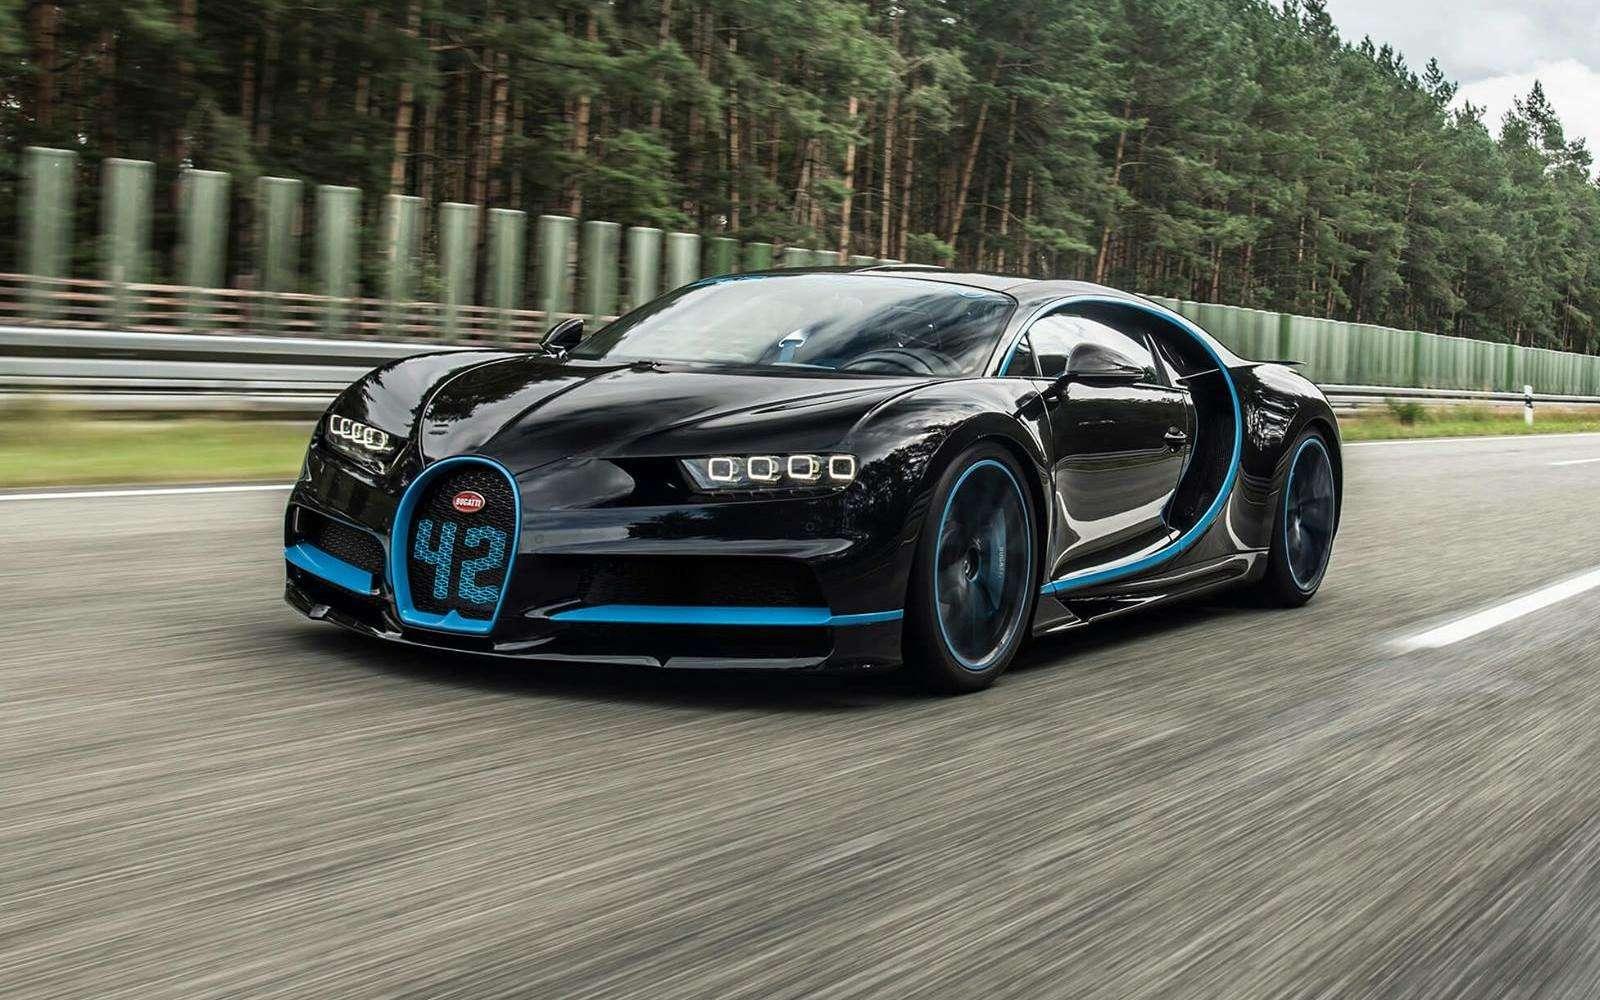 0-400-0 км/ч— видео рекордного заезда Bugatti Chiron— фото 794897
##############################
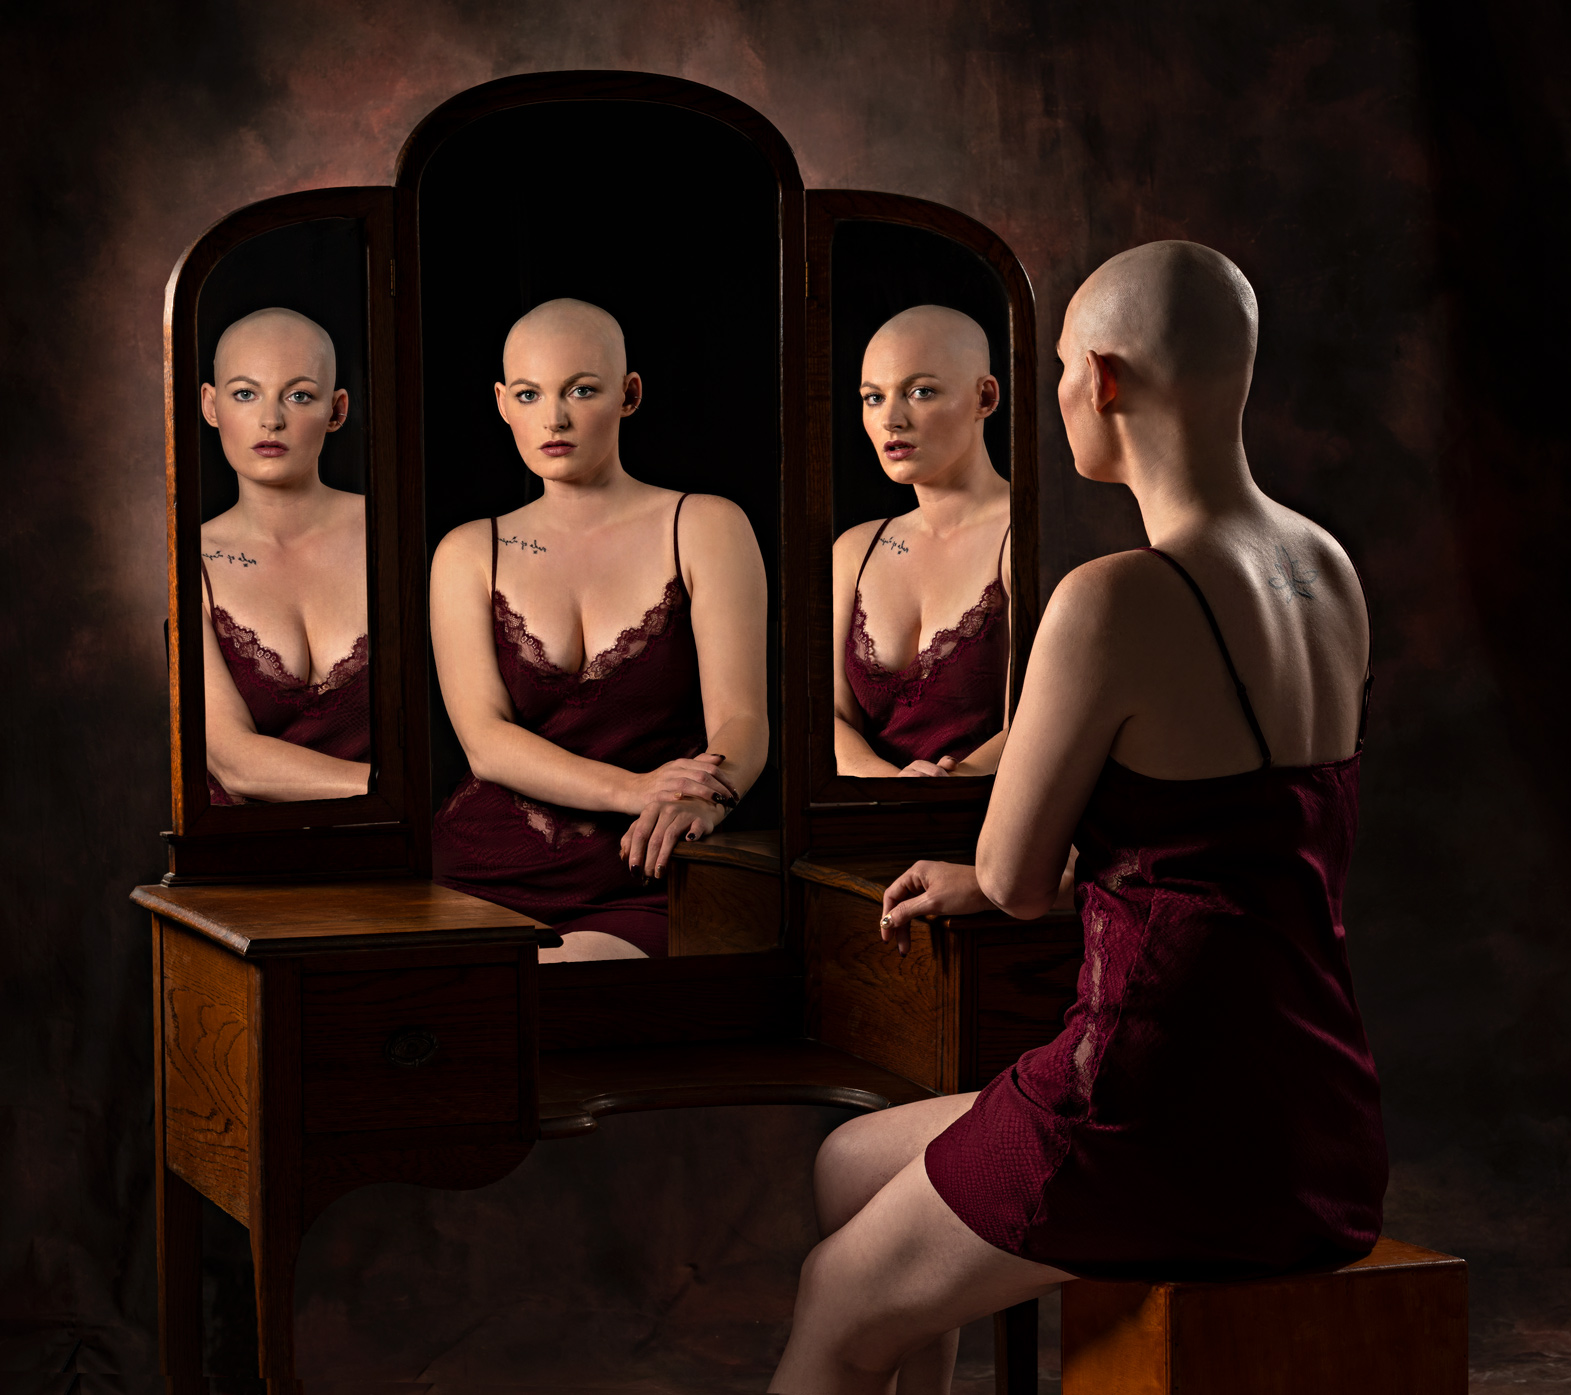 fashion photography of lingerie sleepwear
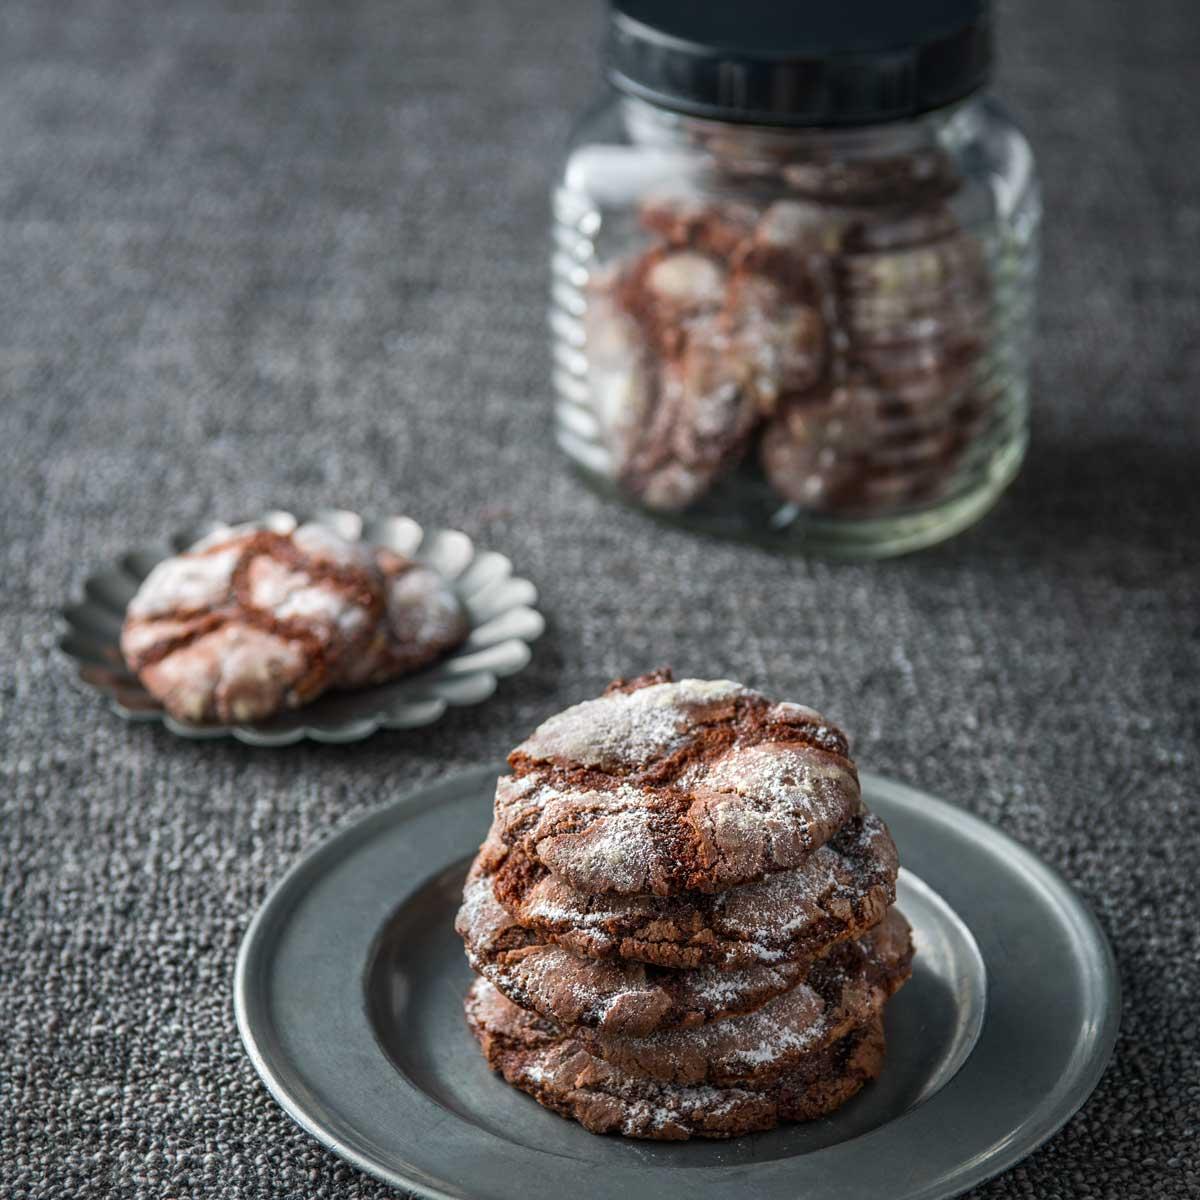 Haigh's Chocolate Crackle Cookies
##############################
■ Directions: Pictures excluded, reproduce only the part above that opens with the line holding "fashion photography of lingerie sleepwear" and closes with the line holding "Haigh's Chocolate Crackle Cookies", exactly as written.

■ Solution for this task:
 fashion photography of lingerie sleepwear
 Haigh's Chocolate Crackle Cookies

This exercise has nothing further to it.